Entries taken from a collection
- Opening Delimiter -

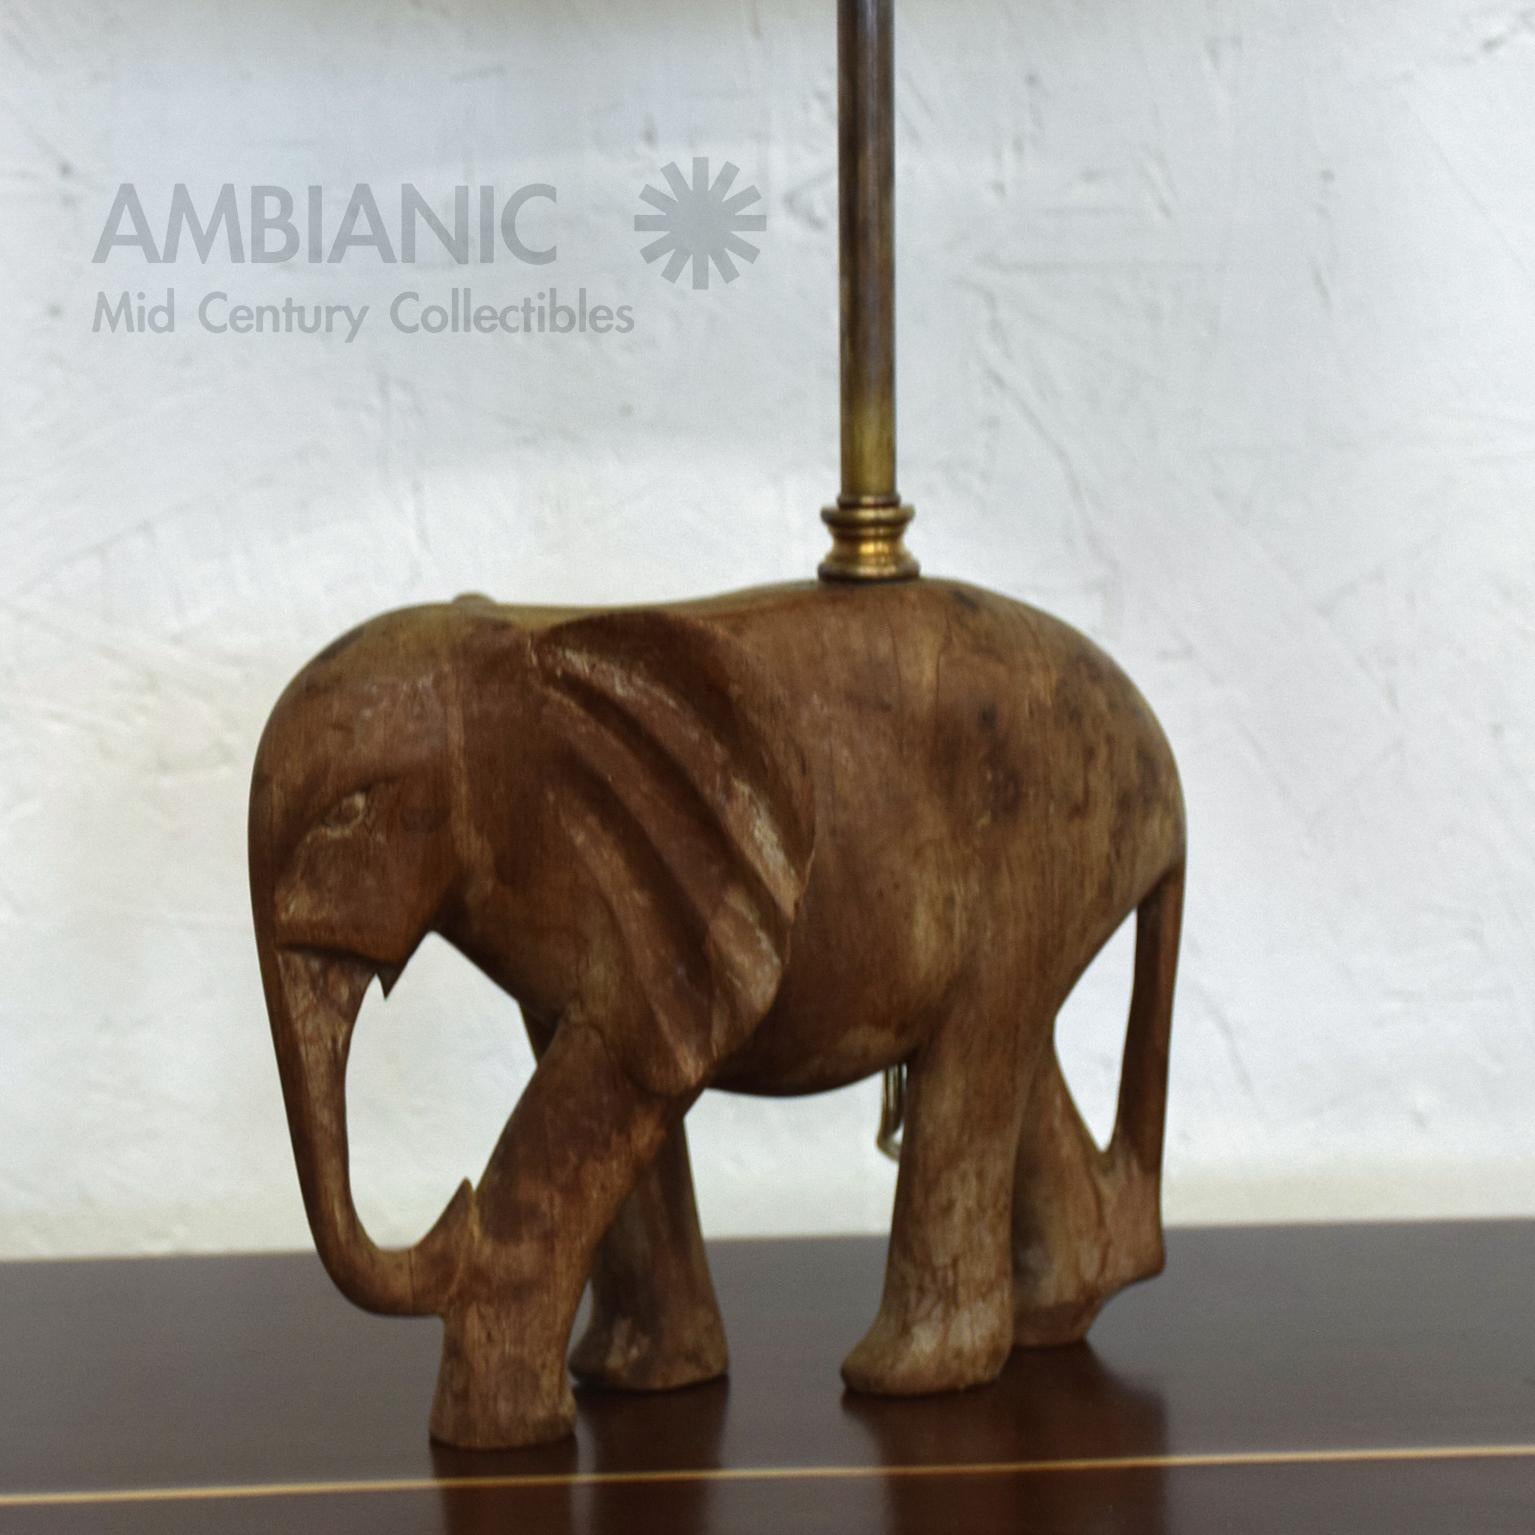 Table Lamp
Hand Carved Wood Elephant Sculpture Table Lamp circa 1950s.
In the style of James Mont and Maitland Smith.
18.38 x 9.5 W x 5 D.
Original Unrestored Vintage Preowned Fair Condition. Patinated Wood appears to be walnut retaining its
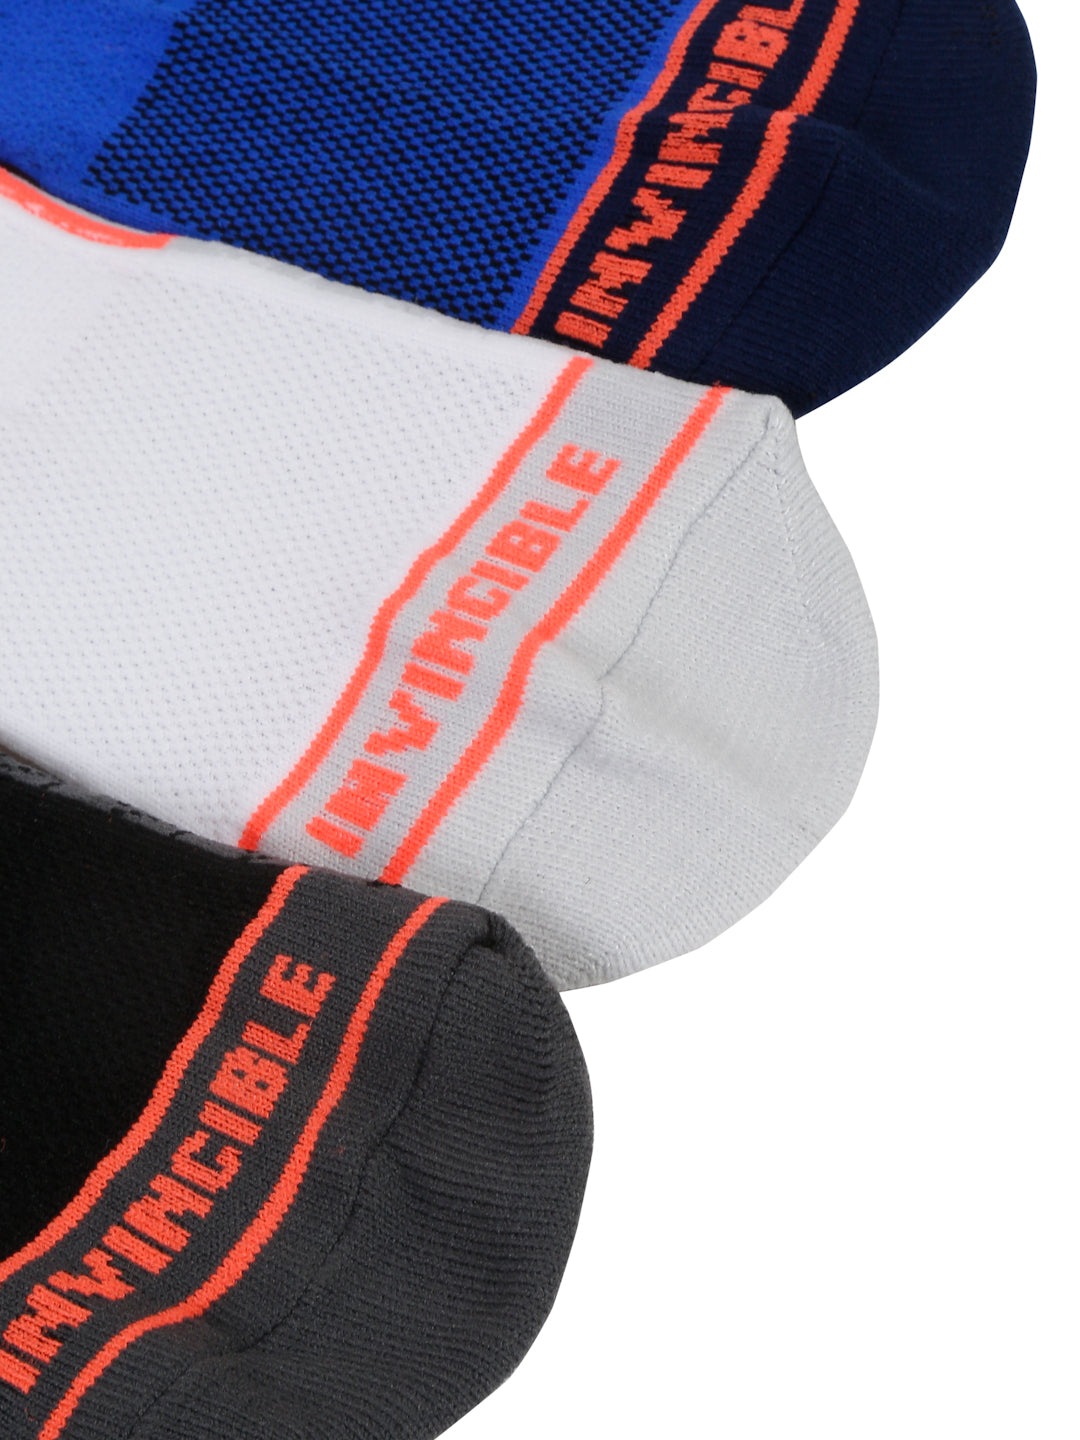 Invincible Ankle Length Socks Set of 3 Pairs

- Closing Delimiter -

*Try it*
Every line from the line containing "Original Unrestored Vintage" through the last line above is to be printed exactly. Pictures are not copied.

*Exercise answer*
Original Unrestored Vintage Preowned Fair Condition. Patinated Wood appears to be walnut retaining its
 Invincible Ankle Length Socks Set of 3 Pairs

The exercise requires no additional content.